Feature Validation Process
Common Mistakes in Feature Creation
| Mistake | Why It Is Harmful | Better Approach |
|---|---|---|
| Creating too many random features | Adds noise and increases overfitting risk. | Create features guided by business logic and EDA. |
| Using future information | Causes data leakage and unrealistic model performance. | Use only information available at prediction time. |
| Binning without reason | Can lose useful numerical detail. | Use binning when it improves interpretability or captures thresholds. |
| Ignoring feature distribution | New features may be skewed, sparse, or full of missing values. | Perform EDA on every engineered feature. |
| Not testing model impact | A feature may look meaningful but not improve prediction. | Compare model performance with and without the feature. |
Best Practices for Creating New Features
Feature Engineering Checklist
- Start with business understanding: Create features that reflect real drivers of the outcome.
- Use EDA findings: Let distributions, trends, and target relationships guide feature ideas.
- Transform skewed variables: Use log or square root transformations when appropriate.
- Create ratios carefully: Ratios often capture stronger business meaning than raw values.
- Use binning when useful: Bins can capture thresholds and improve interpretability.

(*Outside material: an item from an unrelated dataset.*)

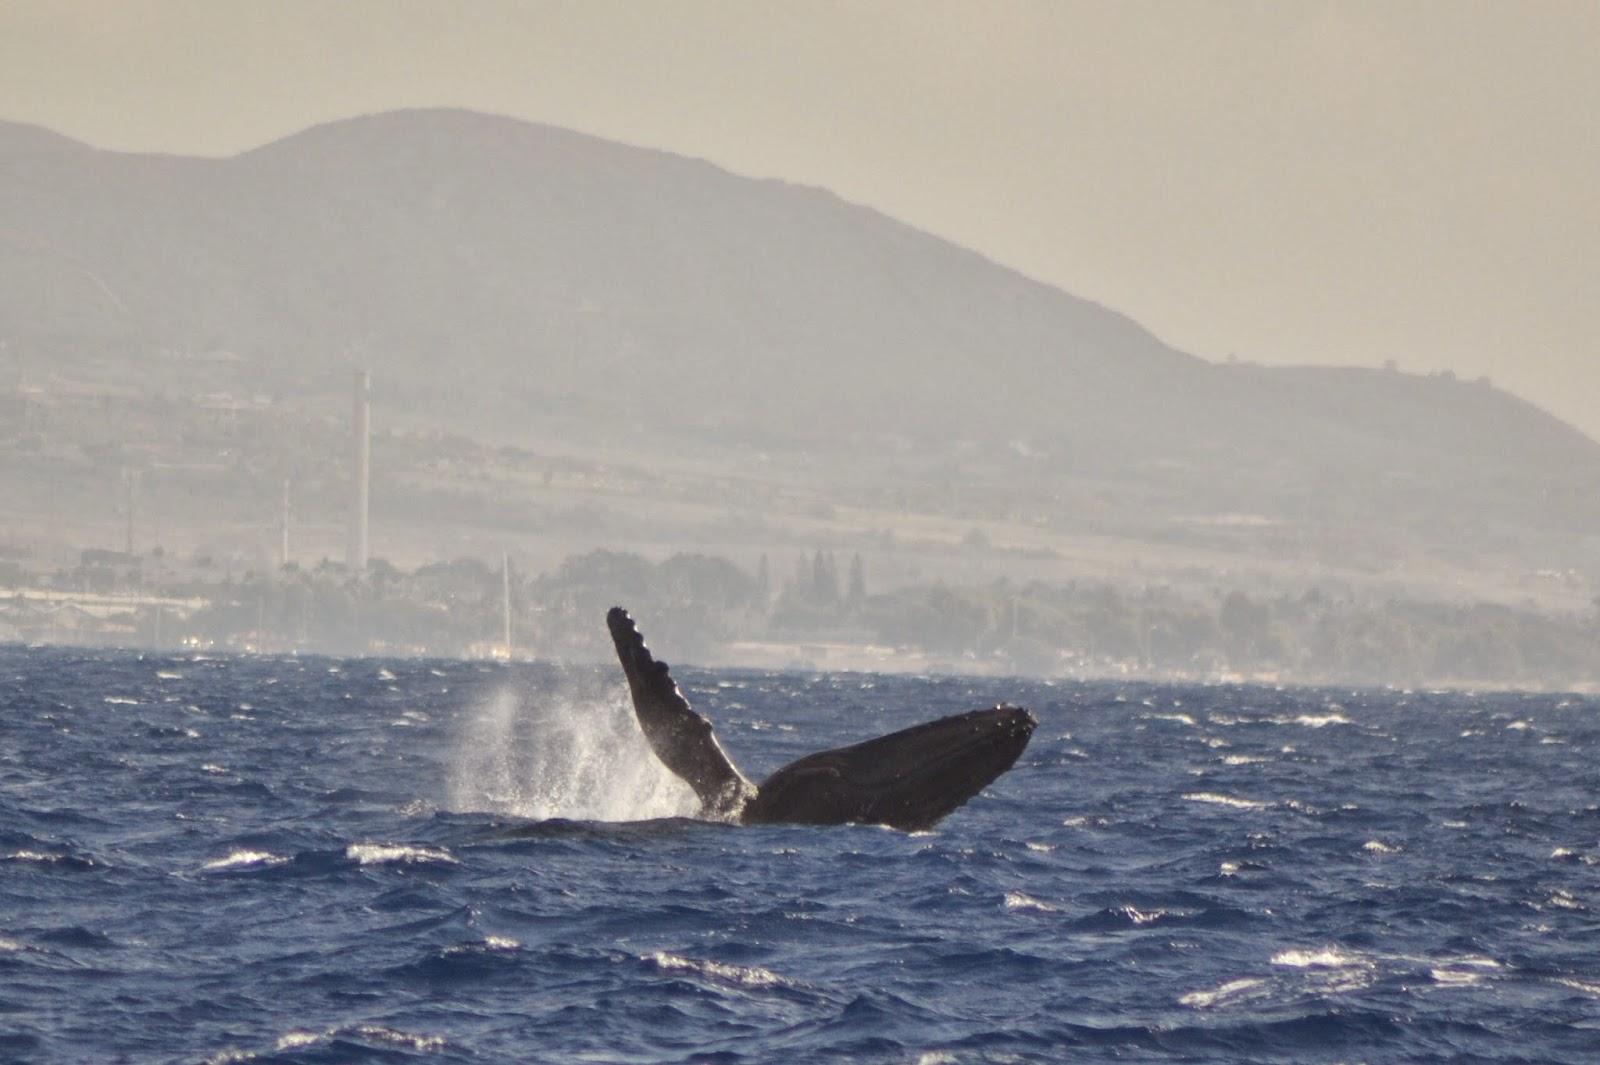 Whale Watching Maui | Humpback Whales

- Extract date/time signals: Month, weekday, tenure, recency, and seasonality are often powerful.
- Check leakage: Use only information available before the prediction moment.
- Validate every feature: Inspect distribution, missingness, target relationship, and model impact.
- Keep the feature set manageable: More features are not always better.
Why Feature Engineering is a Core Modelling Skill
Feature engineering is where data science meets domain understanding. Algorithms learn from the features we provide. If the features are weak, noisy, or poorly designed, the model may struggle. If the features are meaningful, clean, and predictive, the model can perform much better.
In real-world predictive analytics, thoughtful feature creation often makes the difference between an average model and a useful business solution.
Practical Insight: The best features are not always complicated. Often, simple features like customer tenure, days since last purchase, average order value, and complaint frequency are extremely powerful.
Key Takeaways
- Feature engineering creates useful model inputs from raw data.
- Mathematical transformations help handle skewness, scale, ratios, and non-linear patterns.
- Binning converts continuous variables into meaningful groups or bands.
- Date/time features capture seasonality, recency, frequency, tenure, and time-based behaviour.
- Interaction features capture combined effects between variables.
- Feature engineering should be guided by business logic, EDA, and validation performance.
- Data leakage must be avoided by using only information available at prediction time.
- Good features can significantly improve predictive model performance and interpretability.